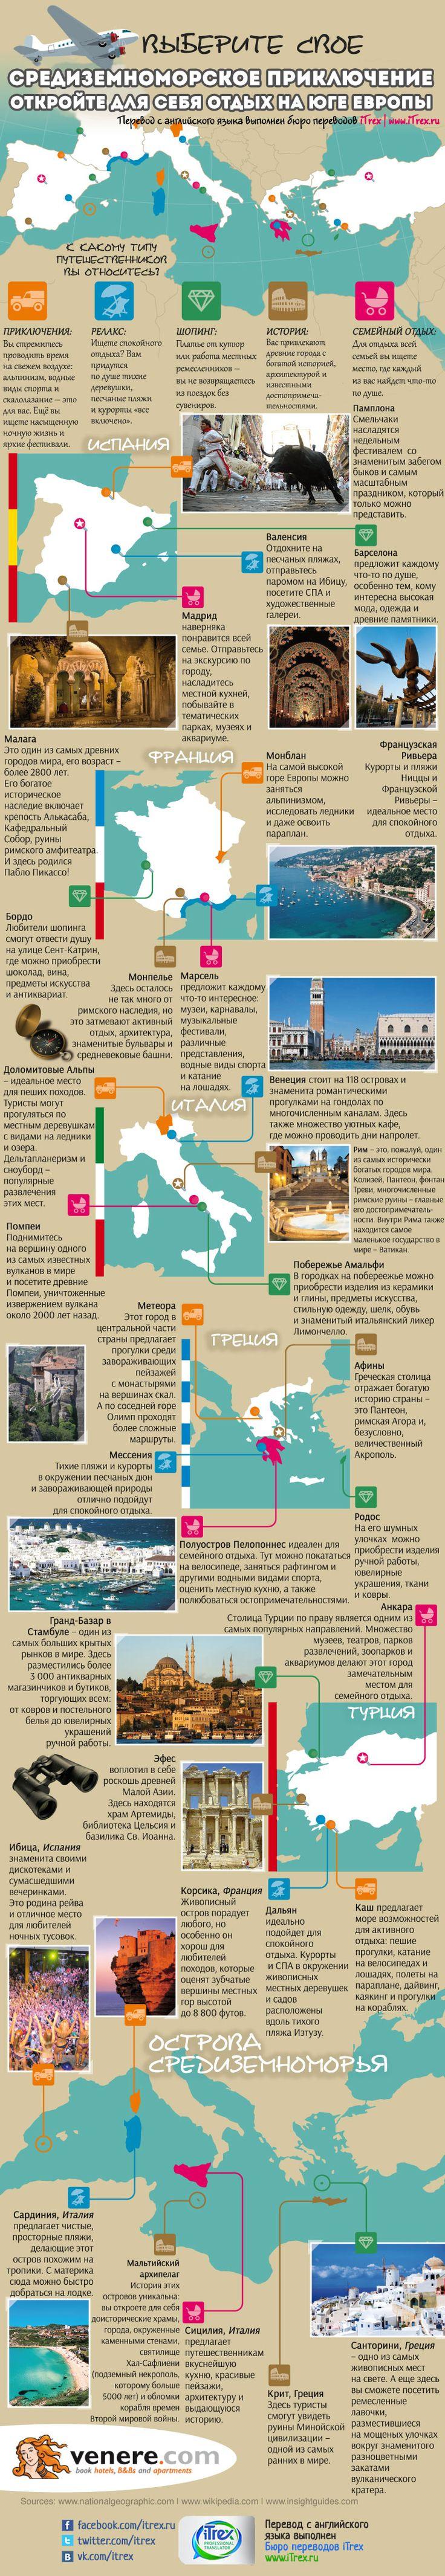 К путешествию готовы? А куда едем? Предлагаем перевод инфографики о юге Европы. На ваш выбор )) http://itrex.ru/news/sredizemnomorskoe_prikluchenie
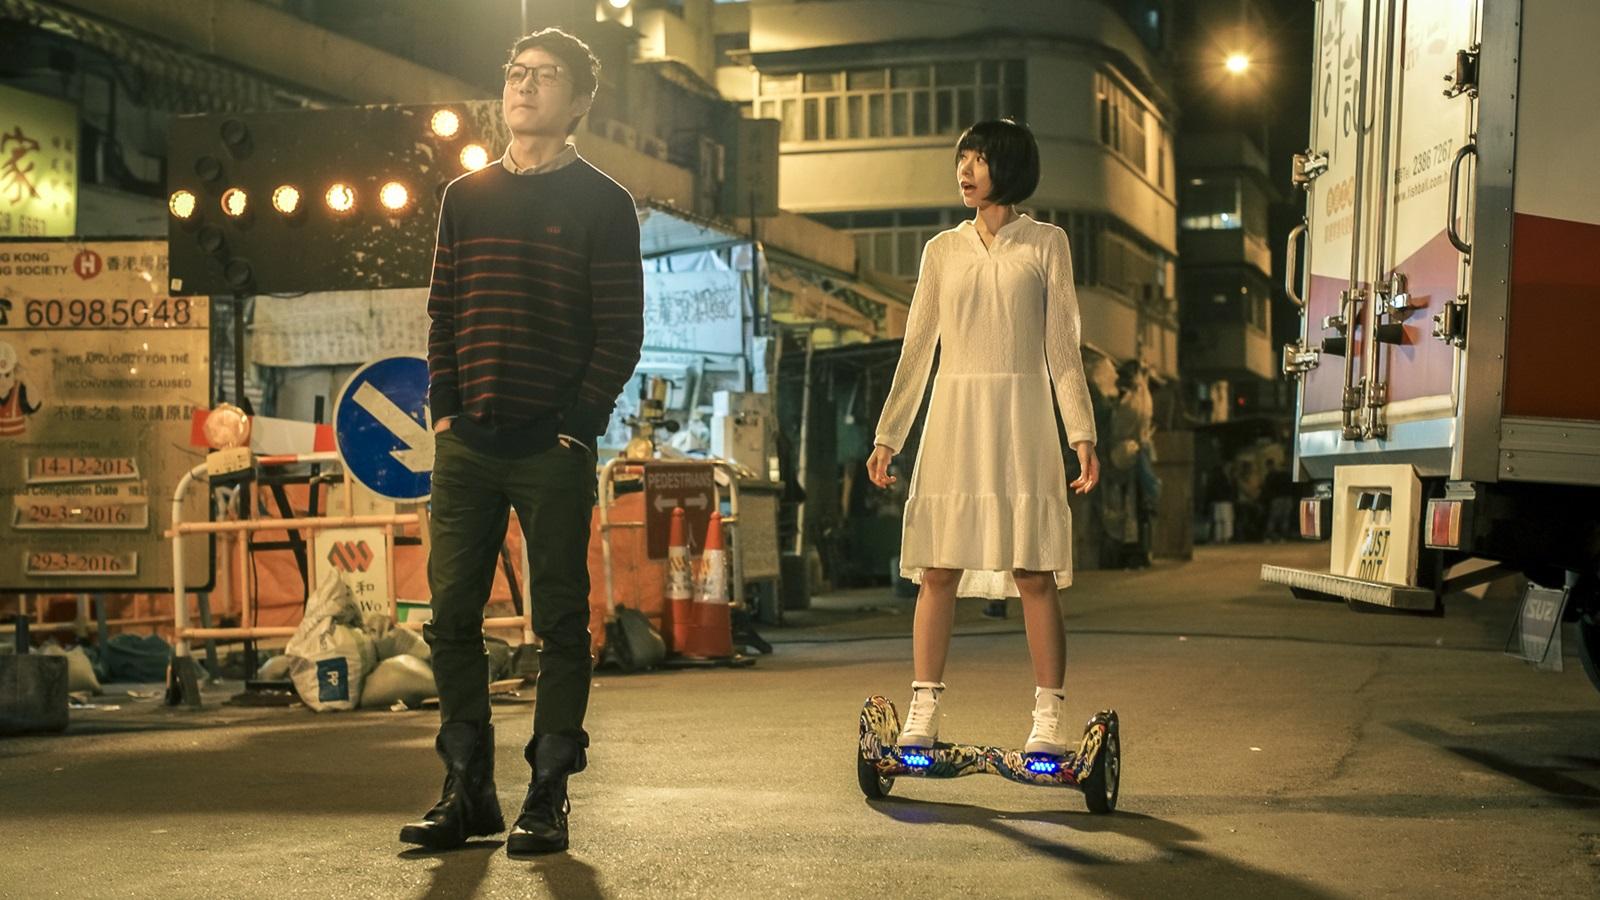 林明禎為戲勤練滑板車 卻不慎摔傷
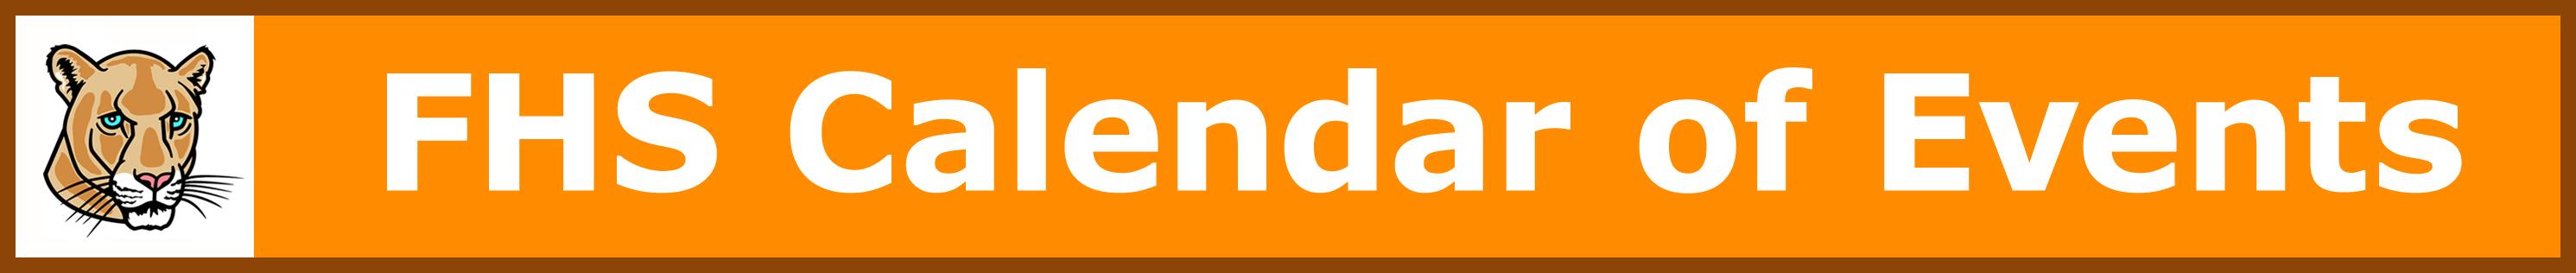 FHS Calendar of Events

#####

WORK REQUEST:
Aside from the pictures, repeat the listing exactly.

REPLY:
 К путешествию готовы? А куда едем? Предлагаем перевод инфографики о юге Европы. На ваш выбор )) http://itrex.ru/news/sredizemnomorskoe_prikluchenie
 林明禎為戲勤練滑板車 卻不慎摔傷
 FHS Calendar of Events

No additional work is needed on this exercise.